МАЛЕНЬКОЕ ПРОИСШЕСТВИЕ В ДОМЕ МАДАМ ДЕНЬЕР
После долгой беседы Клэр удалось проводить кюре Бушье, ни словом не обмолвившись о Луи. Но, допуская, что услужливая Софи за мимоходом сунутую ей пятифранковую монету может что-то шепнуть на ушко излишне любопытному пастырю, Клэр сама проводила его до дверей и даже постояла на пороге, приветливо помахивая платочком, пока Бушье не повернул на бульвар Сен-Мишель. Правда, она не могла не заметить, что святой отец был явно раздражен угаданной им неоткровенностью. Но ведь было бы и глупо, и опасно выложить ему правду о Луи, — это может грозить бог знает чем!

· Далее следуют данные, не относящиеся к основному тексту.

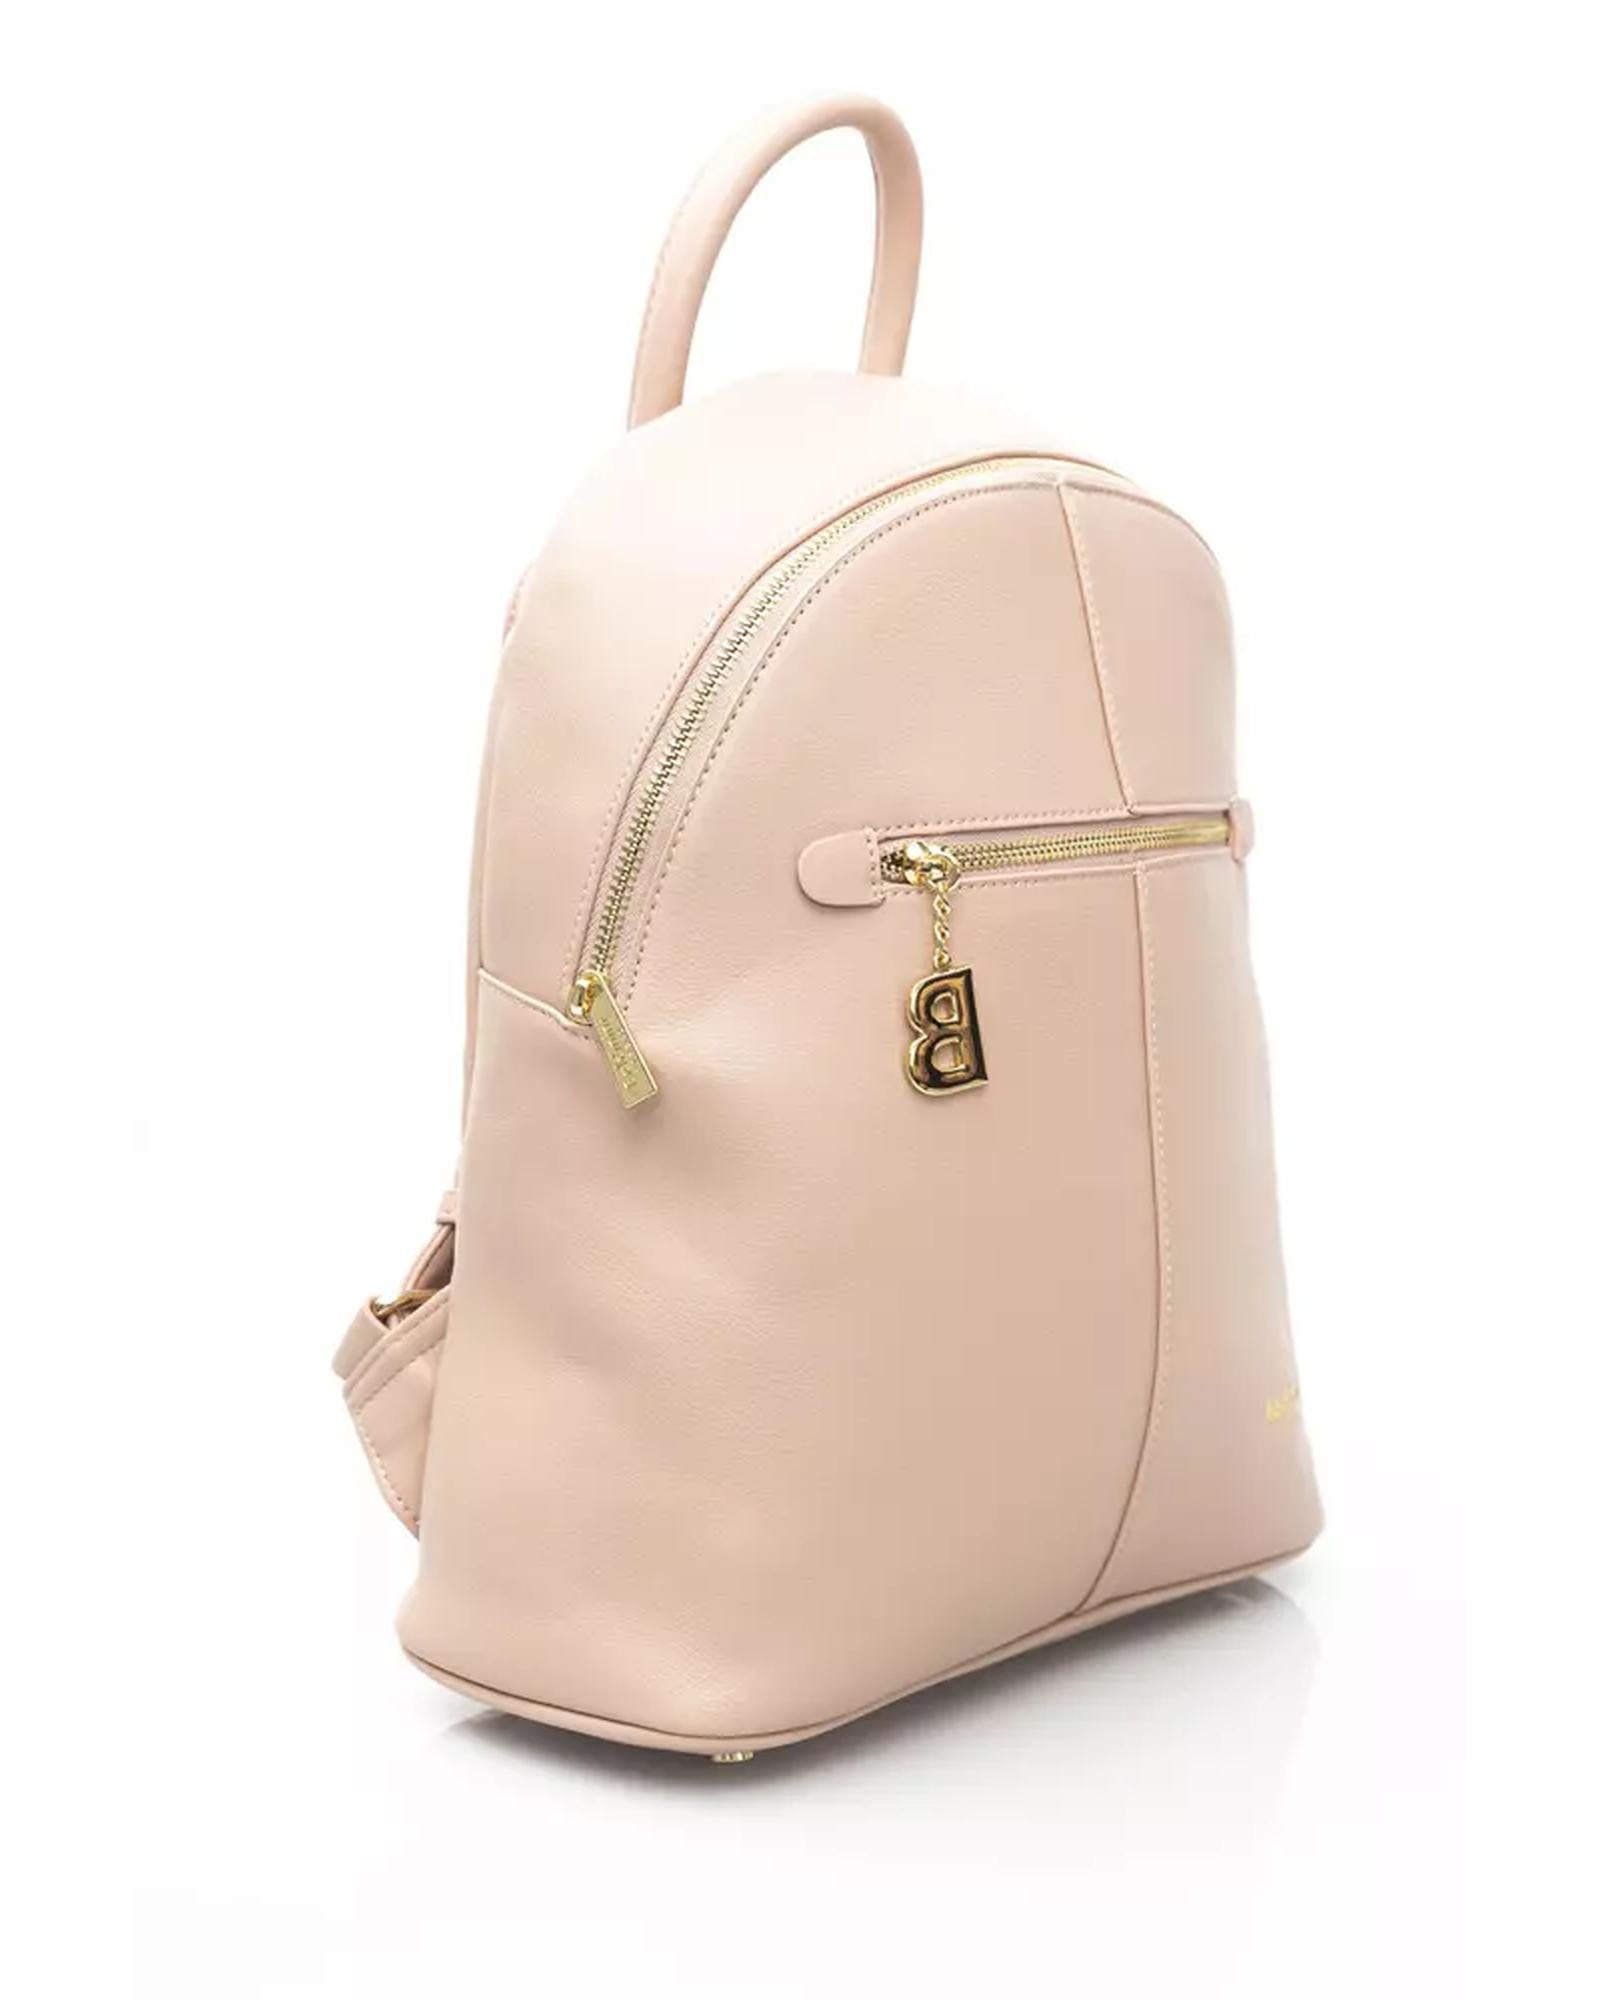 Zip Closure Backpack with Internal Compartments and Front Pocket One Size Women

Приоткрыв дверь в мастерскую, Клэр увидела, что Делакур, скинув куртку, заботливо осматривает один из станков, и неслышно прикрыла дверь, — не стоит ему мешать. Поднявшись в жилые комнаты, спросила горничную:
— Ты догадалась приготовить мне одеться, Софи? Так хочется пройтись после долгого затворничества. На улице славно, хотя солнце еще затянуто дымом.
— О да, мадам! Я проветрила на балконе кое-что и отгладила платье темно-зеленого шелка, а также коричневый жакет. Надеюсь, угодила? Да?
— Да, Софи! Ты — умница!
С помощью горничной Клэр переоделась, постояла перед зеркалом.
— Я вернусь, видимо, не скоро, Софи. Ты свободна до вечера.
— О, благодарю, мадам! — Горничная улыбнулась со всегдашним ироническим лукавством. — Мой поклонник, должно быть, стосковался по мне, как и ваш…
— Moй?! — надменно вскинула брови Клэр. — Кого ты имеешь в виду?
— О, никого в частности, мадам! У вас их такое множество!
Нет, она становится просто нестерпимой, эта ядовитая и чересчур много понимающая Софи! Надо подыскать более скромную служанку!
Когда она неторопливо спускалась по лестнице, из двери мастерской выглянул Делакур.
— Простите, мадам Деньер!
— Да, Альфонс?
— У меня к вам маленькая просьба. Не разрешите ли вы мне ночевать в мастерской? В мой дом угодил зажигательный снаряд, дом сгорел, а семья перебралась в деревню. И я, как старый, бездомный пес…
— О чем вы говорите?! — перебила Клэр. — Живите сколько вам потребуется, лишь бы наладилась работа!
— О, за этим дело не станет! — заверил Делакур. — Тем более, мадам, что у вас целая груда непереплетенных книг… Завтра же примусь отыскивать уцелевших друзей-мастеров! И работа закипит, клянусь своей рыжей бородой!
— Заранее благодарю! — засмеялась Клэр. — Такой клятве можно верить!